Accordingly, the Indian Council of Agriculture Research (ICAR) with technical support from FAO (Food and Agriculture Organization) has formed the Indian Network for Fisheries and Animal Antimicrobial Resistance (INFAAR), a network of 31 laboratories across India, to accelerate a structured laboratory-based surveillance of AMR in India's livestock and aquaculture sectors, aiming to identify patterns of resistance and the movement of resistant strains and to quantify the AMR burden in food-producing animals.
Ways to mitigate AMR in aquaculture
To address AMR in Indian aquaculture, a multifaceted approach is needed:
Responsible antimicrobial use: These include encouraging aquaculture professionals and farmers to use antibiotics only in necessity and by following the specific guidelines. Presently there are no guidelines for responsible use of drugs in aquaculture. Further, data are lacking on biosafety, withdrawal period, efficacy, and pharmacokinetics of the approved aquaculture drugs on most tropical aquaculture species. The ‘All India Network Project on Fish Health’, funded by ICAR, aims to develop policy guidelines on responsible antimicrobial use in the Indian aquaculture sector, addressing the research on these lacunae.
Alternative to antibiotics: An immediate strategy in mitigating AMR burden is the application of antimicrobial alternatives, like probiotics, herbal-derived antibacterial agents, phages, etc.
Vaccination: Developing vaccines for the most prevalent and economically significant aquatic pathogens would overcome the occurrence of diseases and thereby application of antimicrobial agents in aquaculture.
Improved farm management practices: Implementing strict biosecurity measures, promoting good farm management practices such as rotational farming, optimal stocking densities, ensuring water quality and regular health monitoring can reduce stress and disease incidences and thus reduce the need for antimicrobials.
Improved environmental management practices: Proper waste management strategies can minimize the spread of antibiotics and AMR microbes into water bodies.
Education and training for farmers: Aquaculture practitioners need training programs and awareness campaigns to educate on AMR and best management practices for immediate AMR containment.
Research and innovation: Encouraging investment in research to develop novel treatments, early disease diagnosis and control methods can offer more alternatives to antibiotics.
National and global collaboration: Collaboration among governments, academia, and industry is crucial for effective AMR prevention and control.
In conclusion, AMR is a complex issue with far-reaching consequences for human, animal, and environmental health.

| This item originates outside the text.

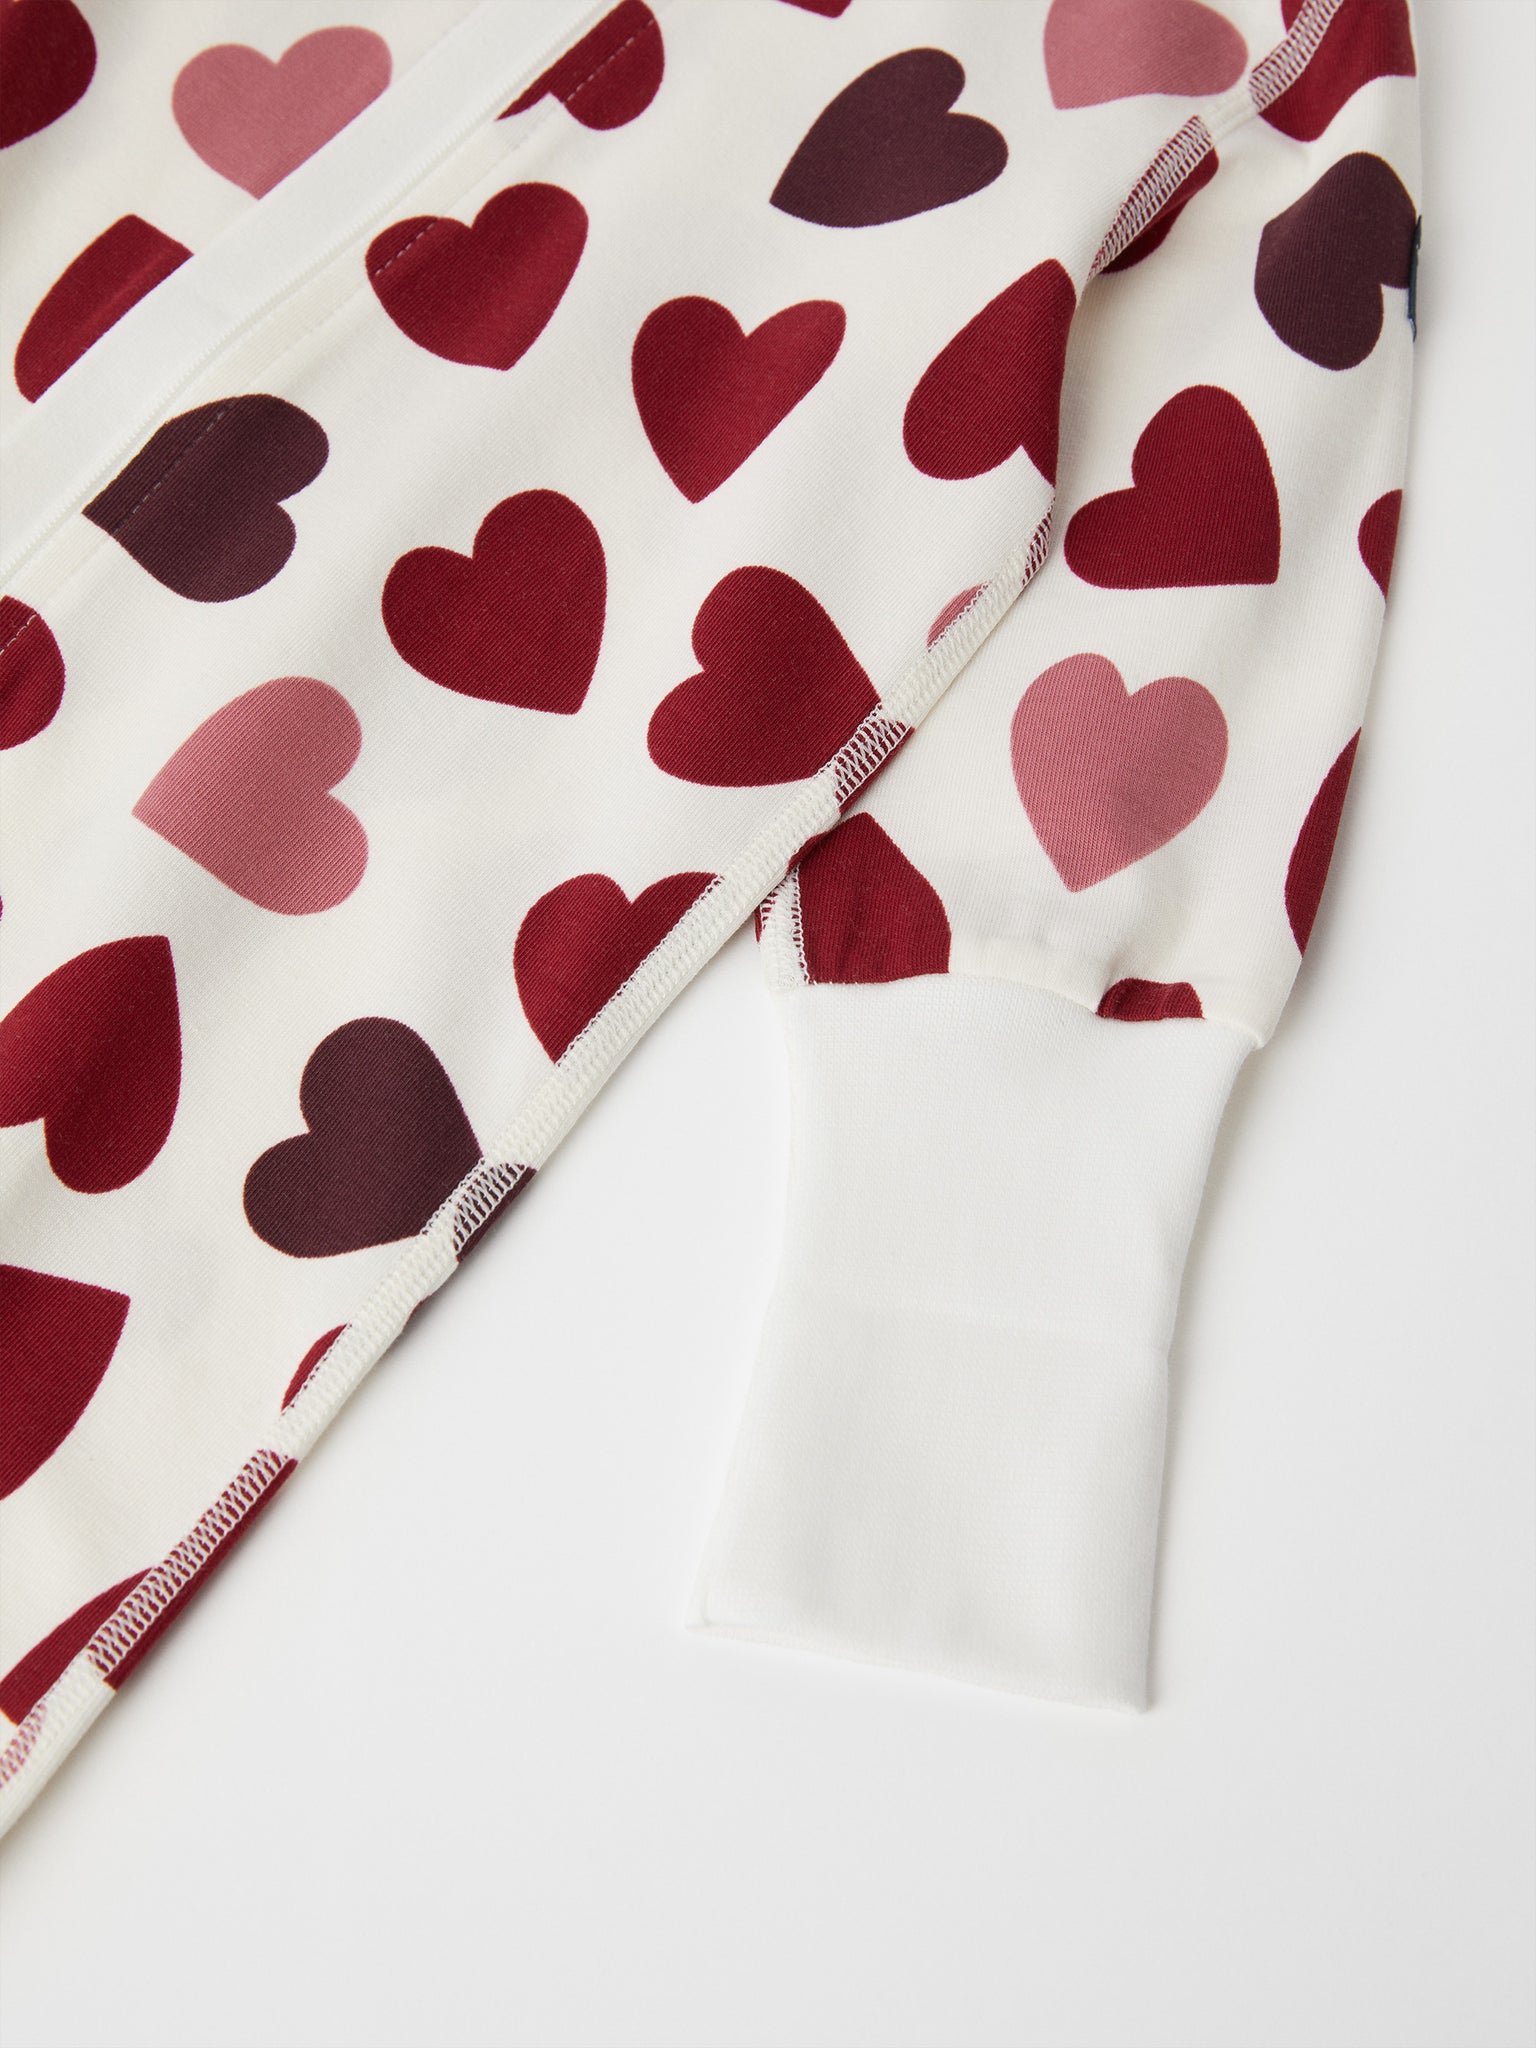 Heart Print Cotton Baby Sleepsuit from the Polarn O. Pyret baby collection. The best ethical baby clothes

The ‘One-Health’ approach provides a framework for addressing AMR by recognising the interconnectedness of these sectors.
It is pertinent to emphasise that the presence of AMR or the occurrence of ARGs in aquatic pathogens is not always related to antimicrobial usage in fish farming.
However, implementing responsible antimicrobial use practices, improving biosecurity, farm and environmental management measures, promoting vaccination, and strengthening surveillance and monitoring systems are critical to mitigate the threat of AMR in aquaculture.
Views expressed are the author’s own and don’t necessarily reflect those of Down To Earth.